───── Source data ─────

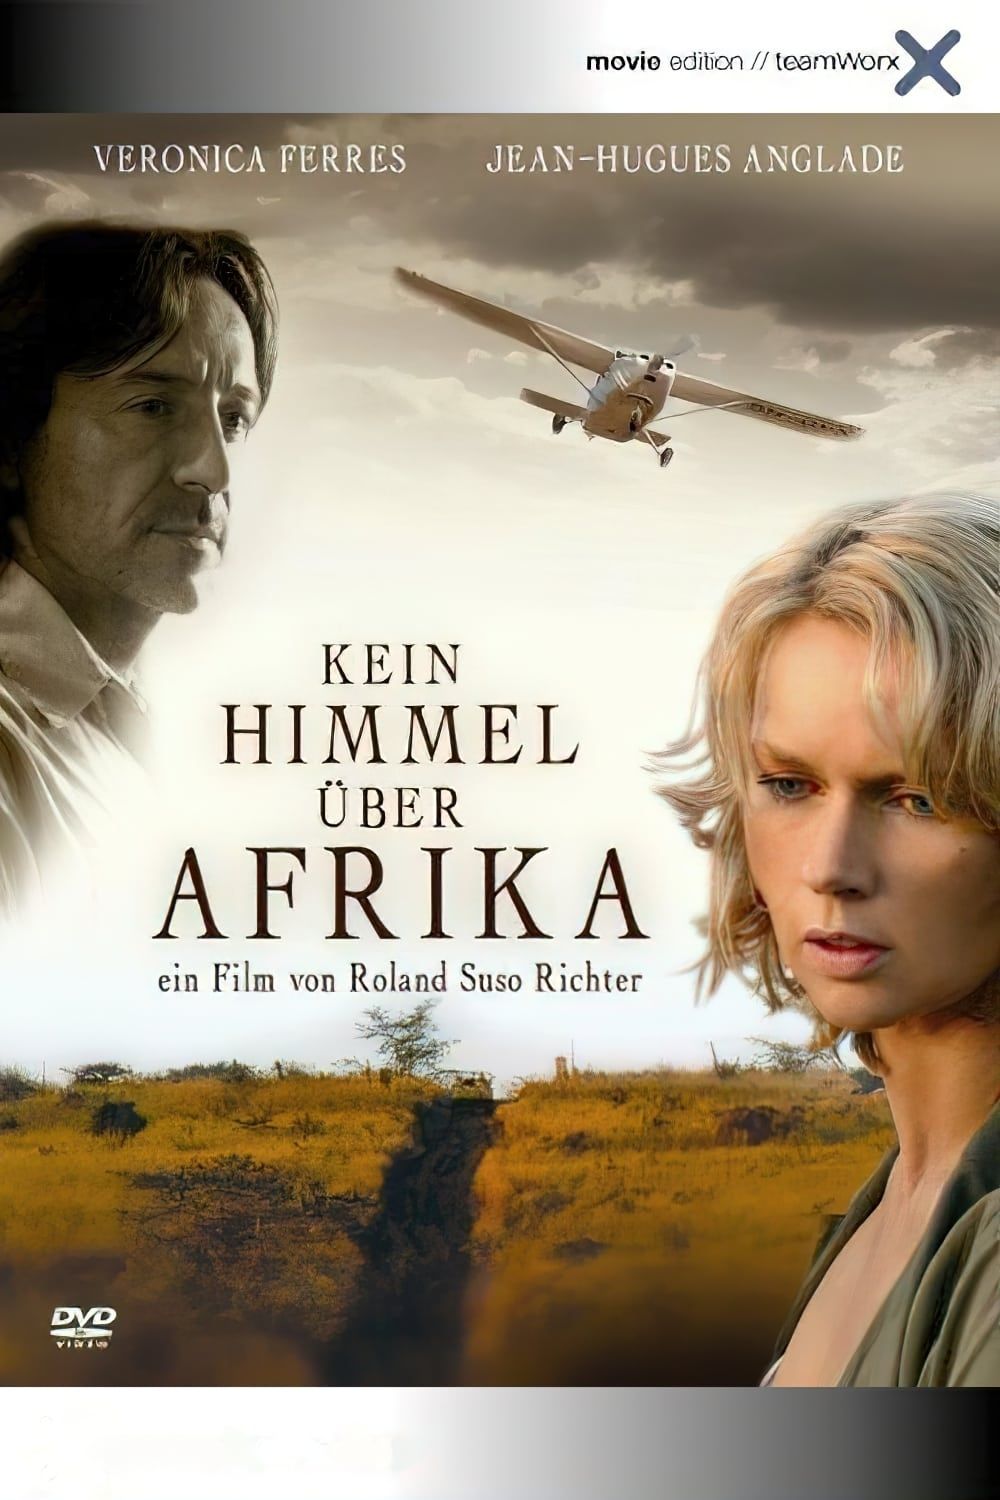 Das Wunder Von Berlin (DVD), Karoline Herfurth, DVD
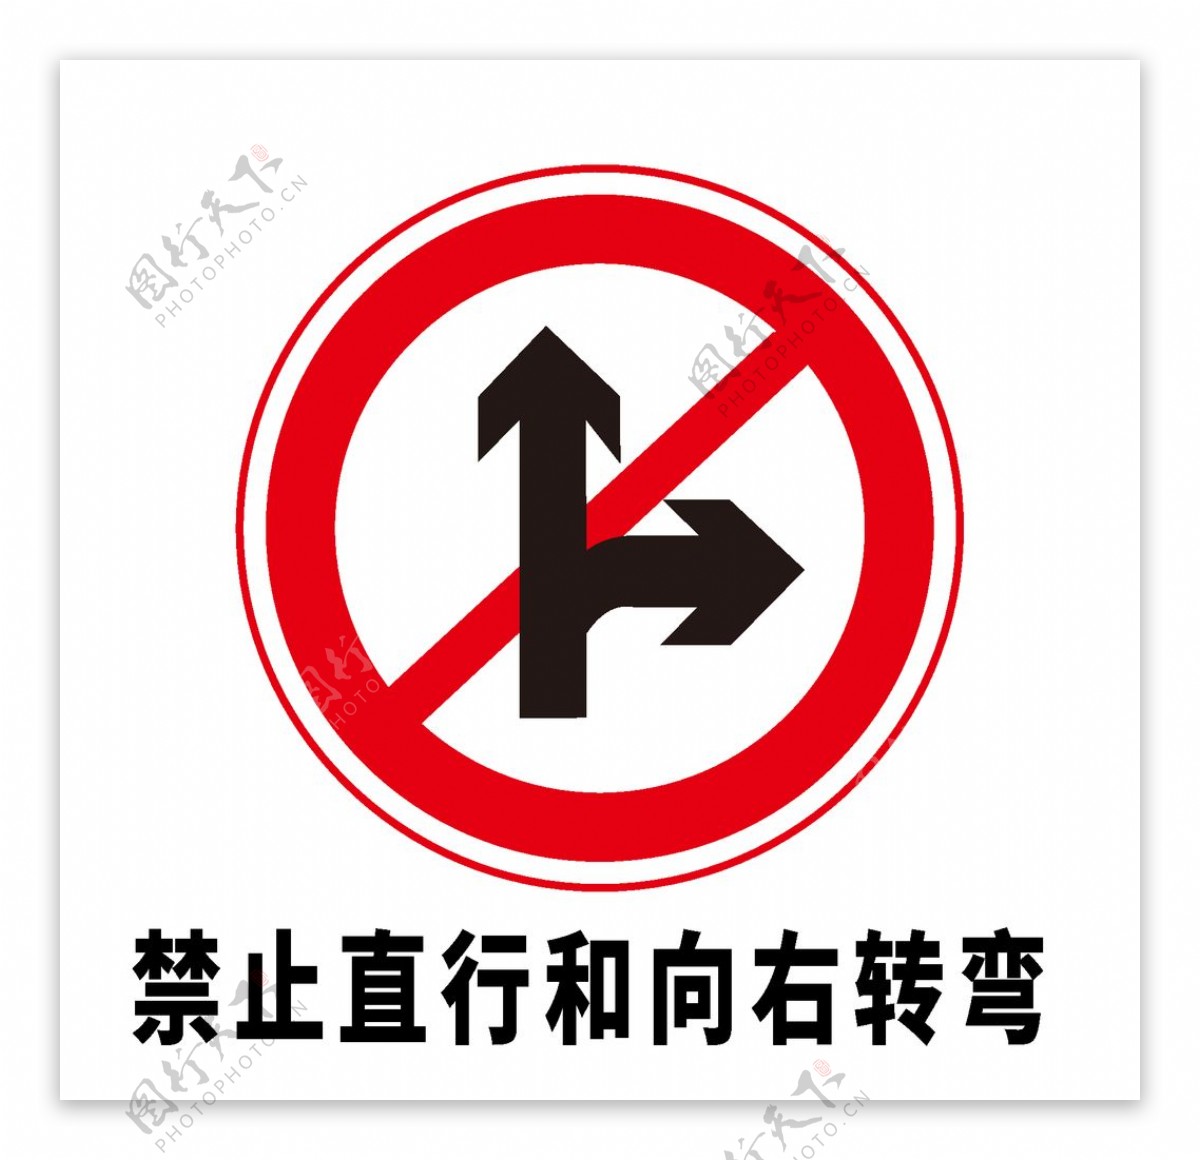 矢量交通标志禁止直行和向右转图片
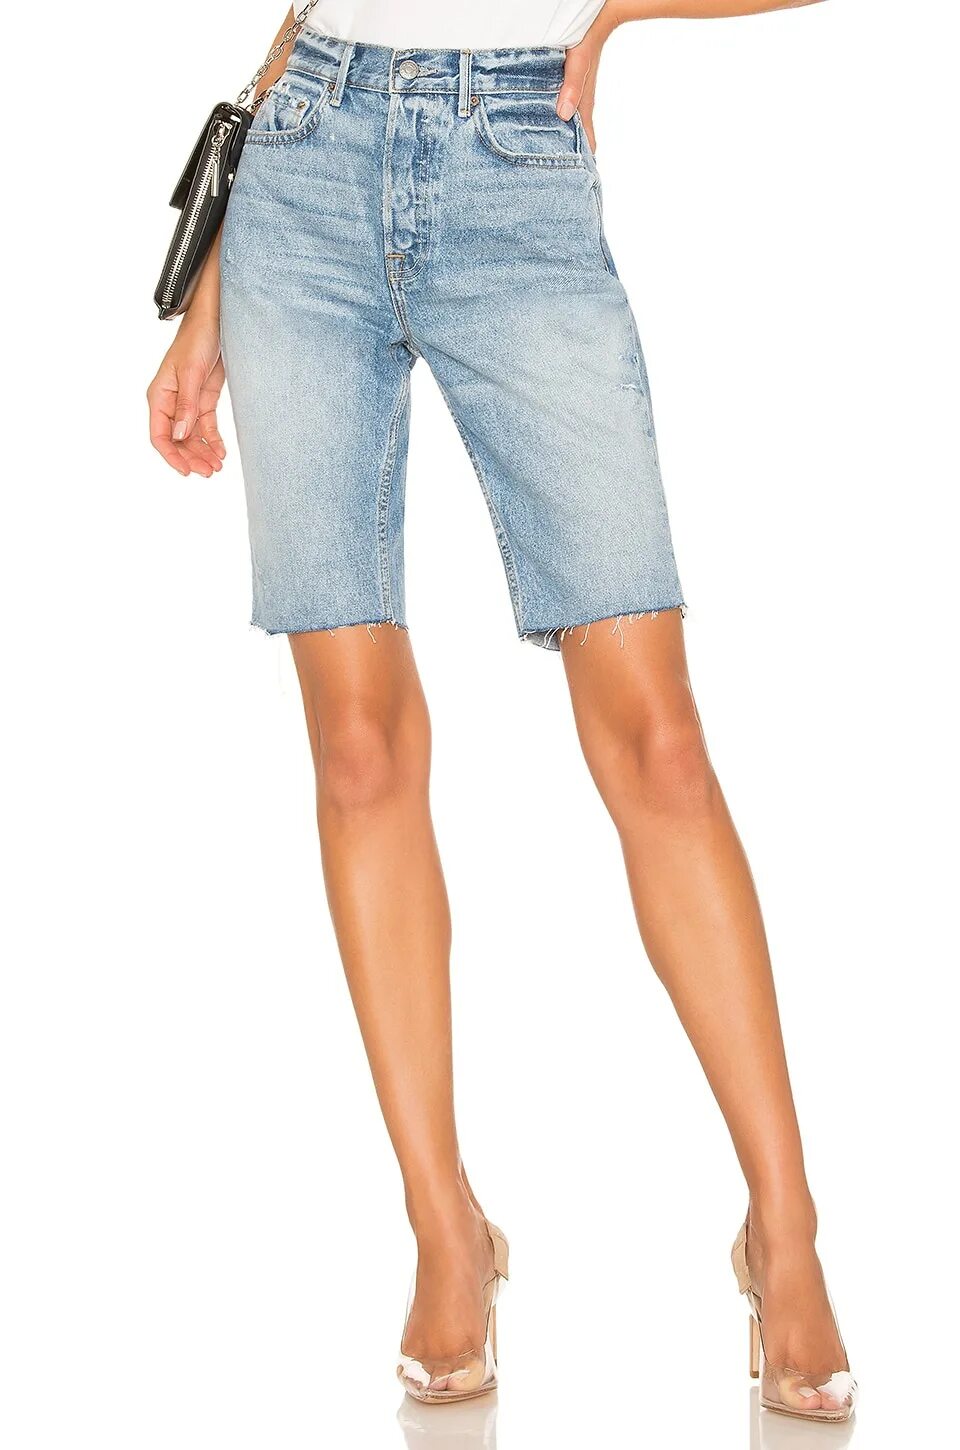 Шорты джинсовые женские длинные. Джинсовые шорты длинные широкие. Обтянутые удлиненные шорты. Удлиненные джинсовые шорты
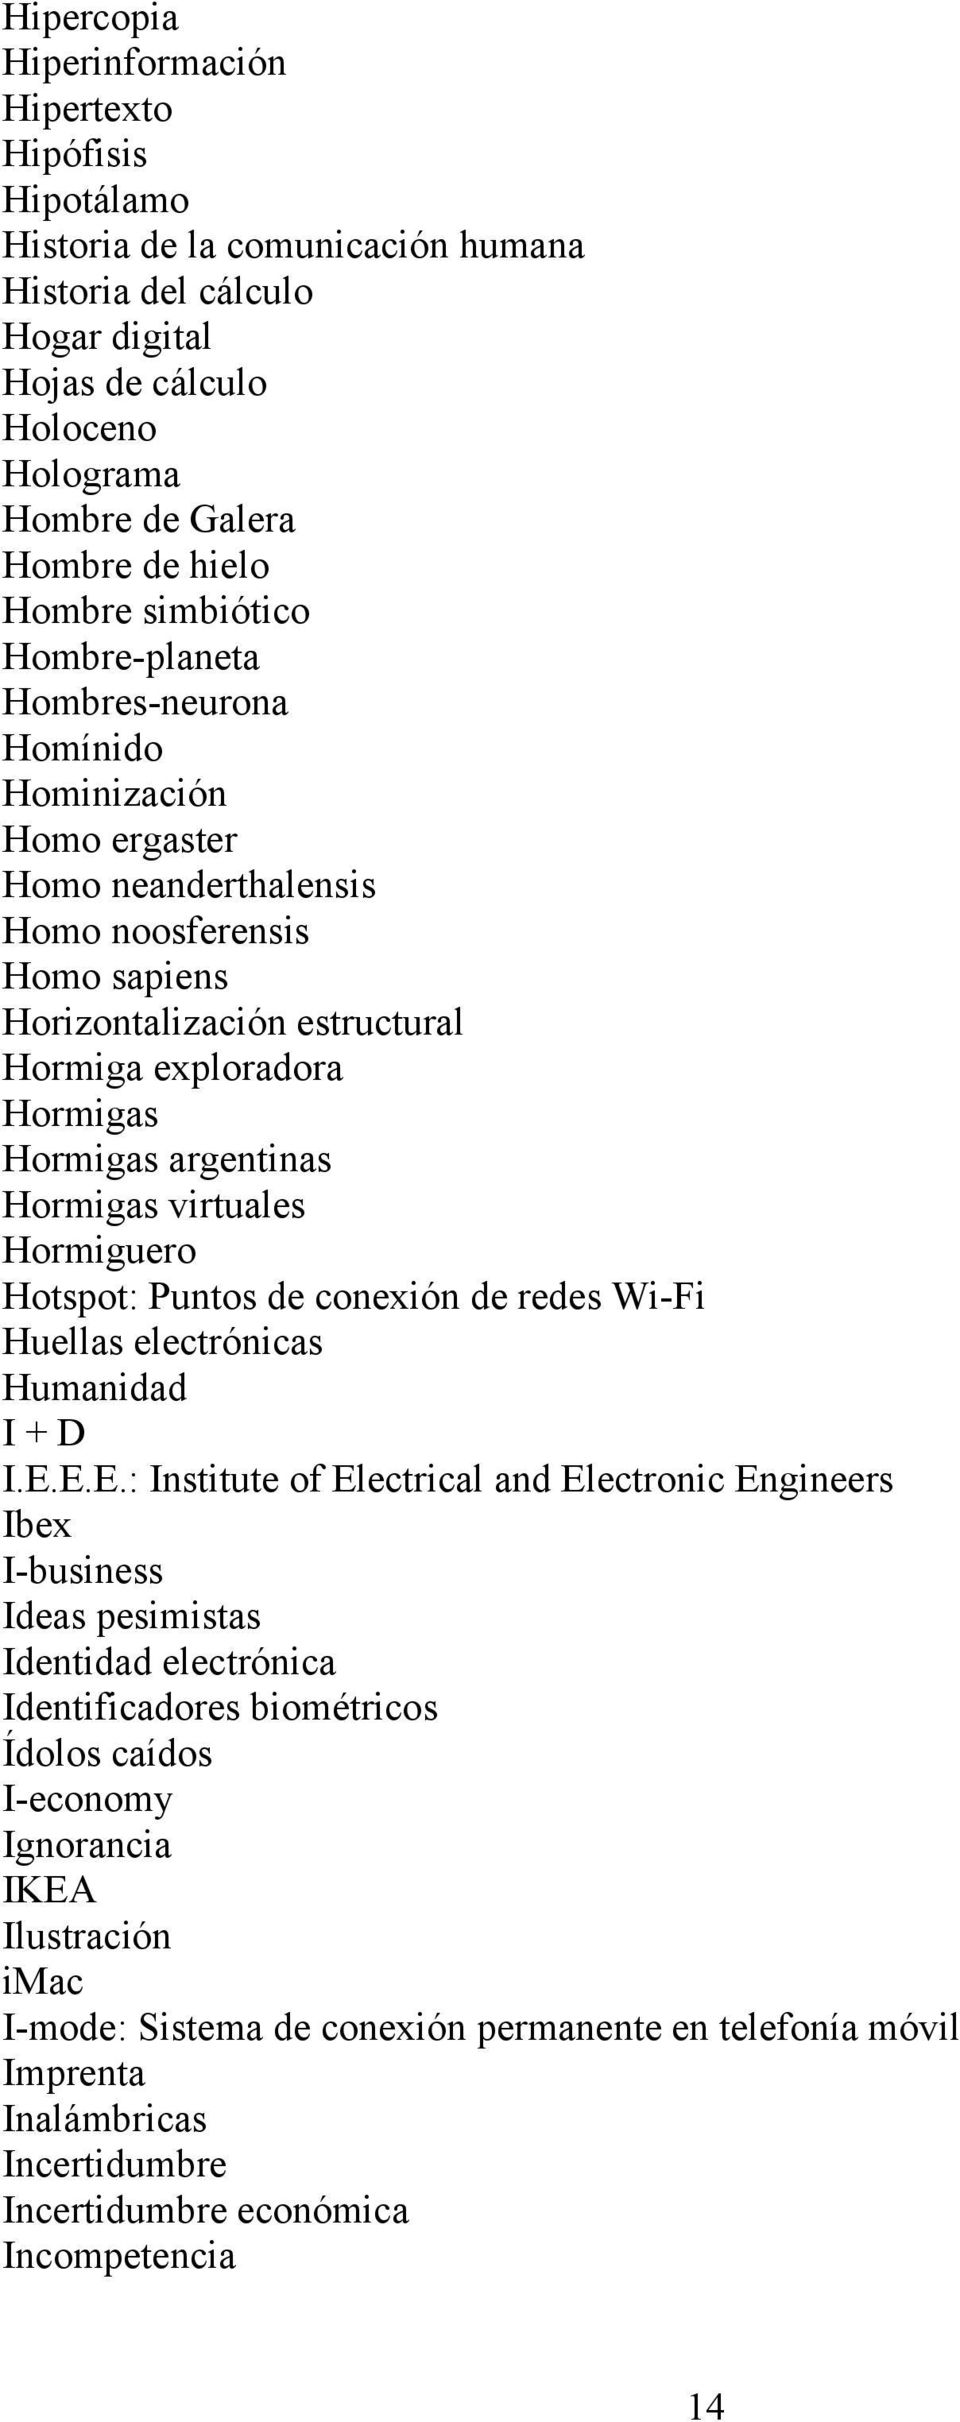 Hormigas argentinas Hormigas virtuales Hormiguero Hotspot: Puntos de conexión de redes Wi-Fi Huellas electrónicas Humanidad I + D I.E.

─────

Action item:
Return the data exactly. Do not carry over any images.

Solution for this task:
 Das Wunder Von Berlin (DVD), Karoline Herfurth, DVD
 矢量交通标志禁止直行和向右转图片
 Шорты джинсовые женские длинные. Джинсовые шорты длинные широкие. Обтянутые удлиненные шорты. Удлиненные джинсовые шорты
 Hormigas argentinas Hormigas virtuales Hormiguero Hotspot: Puntos de conexión de redes Wi-Fi Huellas electrónicas Humanidad I + D I.E.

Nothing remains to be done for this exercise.